Towards Removing Ghost-Components from Visual-Hull Estimations

Brice Michoud, Erwan Guillou, Saida Bouakaz, Mathieu Barnachon, Alexandre Meyer. In ICIG 2009, Xi'an

Shape from Silhouette (SFS) are methods used to estimate the 3D shape of objects from their silhouettes. The reconstructed shape, also called Visual Hull (V H), is the maximum volume which yields the silhouettes. As this volume is an upper bound, it contains objects and artifacts. Ghost connected components coming from artifacts are parts empty of real object. They provide non-pertinent data that interfere with many applications of SFS: motion capture, free-viewpoint rendering, etc. The more the object’s number increases, the more ghost-components appears. The problem is even worst with a small number of cameras. In this paper, we address the issue of detecting and removing ghost-components from any Visual Hull. Our method only needs cameras’ calibration and silhouette data. A formal description and several practical experimentation, show the efficiency of our approach. A comparison with previous methods underlines more accurate results, even using few cameras.

Reconstruction géométrique par estimation de posture

Mathieu Barnachon, Brice Michoud, Erwan Guillou, Saida Bouakaz. In ORASIS 2009, Trégastel

Geometrical reconstruction from multiple cameras can now concurrence classical reconstruction. Shape From Silhouette (SFS) is a method that estimates the Visual Hull, in real time from observed silhouette in each view. Despite the fact that SFS is really simple and robust, it produces ghost parts: a set of 3D points that does not belong to real objects. These parts can significantly disturb the precision and the realism of the 3D shape. In this paper, we suggest to use the motion estimation of people, getting from motion capture, in order to remove these ghost parts and refine geometry. By construction, SFS gives a 3D hull of the filmed person. If we transform the computed geometry from original pose to the current pose, the intersection of reconstruction and observed pose produces a more precise reconstruction than the classical SFS. In this work, we introduce a real time and incremental approach, which automatically refines the 3D reconstruction of the acquired object.

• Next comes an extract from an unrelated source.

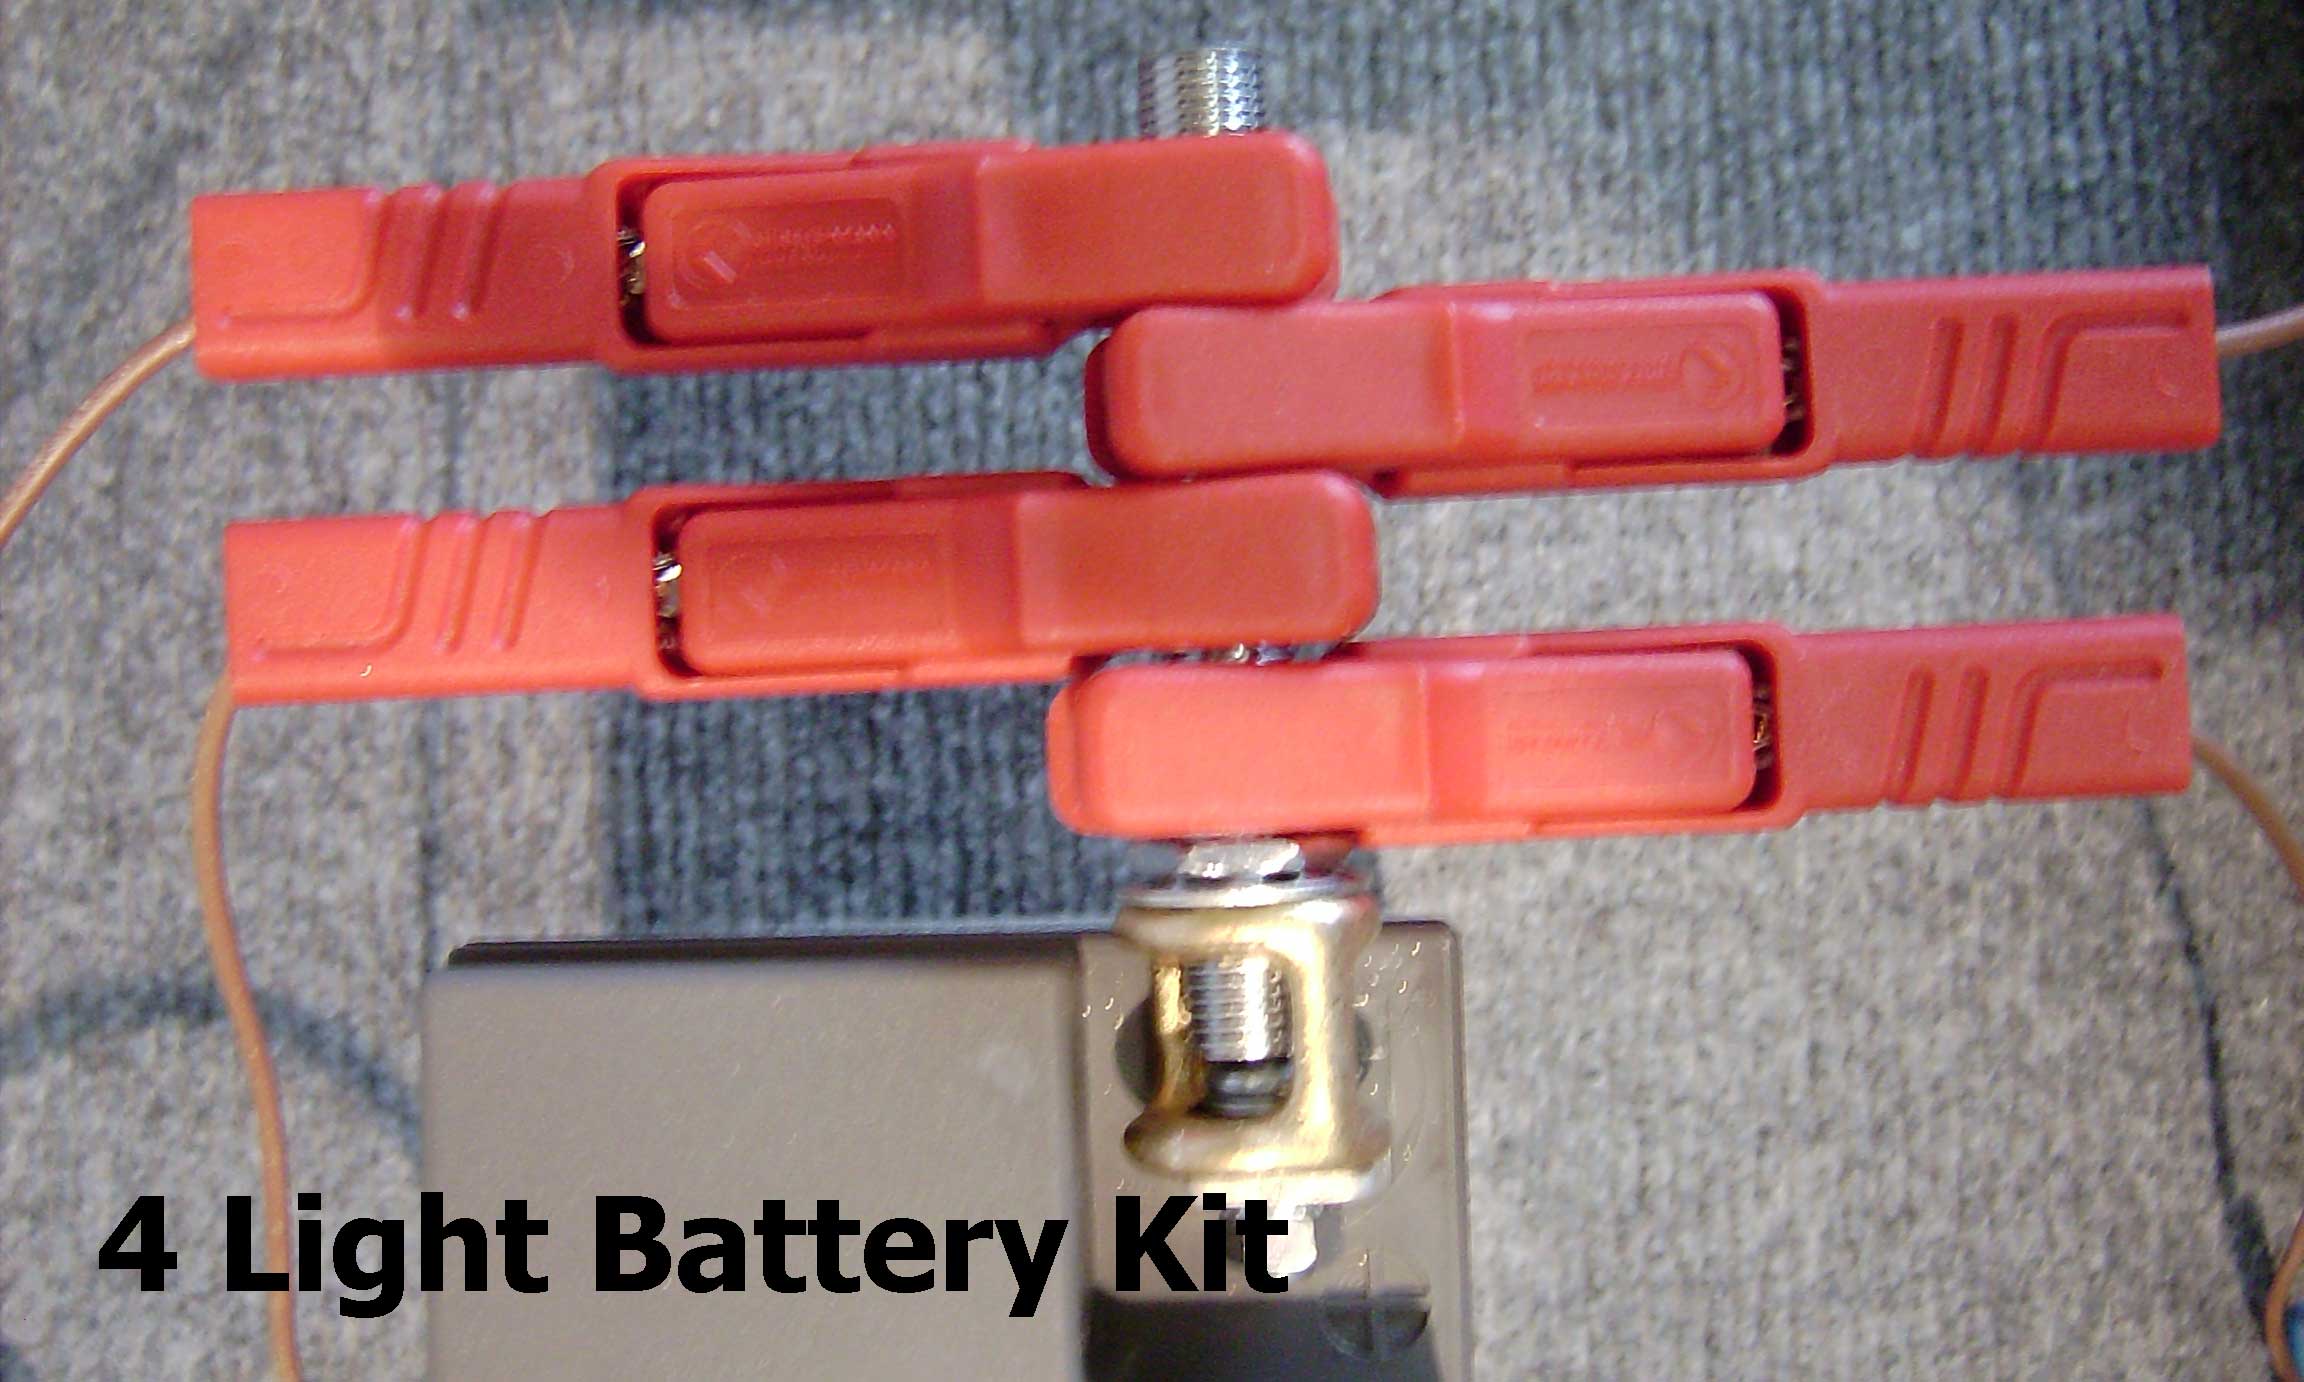 4-Light Battery Kit

Reconstruction Géométrique et Photométrique Incrémentale d'un Personnage en Mouvement à partir de Séquences Vidéo

Mathieu Barnachon, Erwan Guillou, Brice Michoud. In AFIG 2008, Toulouse

Avec les progrès constants de la réalité virtuelle et augmentée, de plus en plus d'environnements de qualité sont créés. Pour peupler ses environnements, il est nécessaire d'avoir des avatars brillants de réalisme. Les méthodes de Shape from Silhouette volumique permettent d'obtenir une ébauche de surface lors de l'enregistrement vidéo d'un sujet à partir de plusieurs caméras. Partant de cette représentation voxélique, on se propose de fournir la surface d'un modèle, à l'aide notamment du Marching Cubes. Pour des raisons évidentes d'efficacité, la reconstruction doit être incrémentale. Une technique de skinning permettra la génération d'un modèle générique dans une pose quelconque. Cela permet aussi d'affiner le modèle au cours du temps lorsque des parties auparavant invisibles rentrent dans le champs des caméras. La méthode se veut automatique, se contentant d'une reconstruction voxélique, et d'une estimation du mouvement d'un squelette humain -- sous forme de fichiers BVH, ou de positions des articulations -- pour fournir une surface d'une grande finesse. Une lecture des images des caméras permet d'obtenir les textures aux endroits reconstruits. Une approche dépendante du point de vue virtuel se propose d'utiliser la texture la plus adaptée. Le résultat en sortie est donc un avatar d'une surface assez précise -- même avec des données bruitées -- et texturée comme le modèle initial. L'ensemble de la méthode fonctionne en temps réel, en augmentant la précision des données en entrée.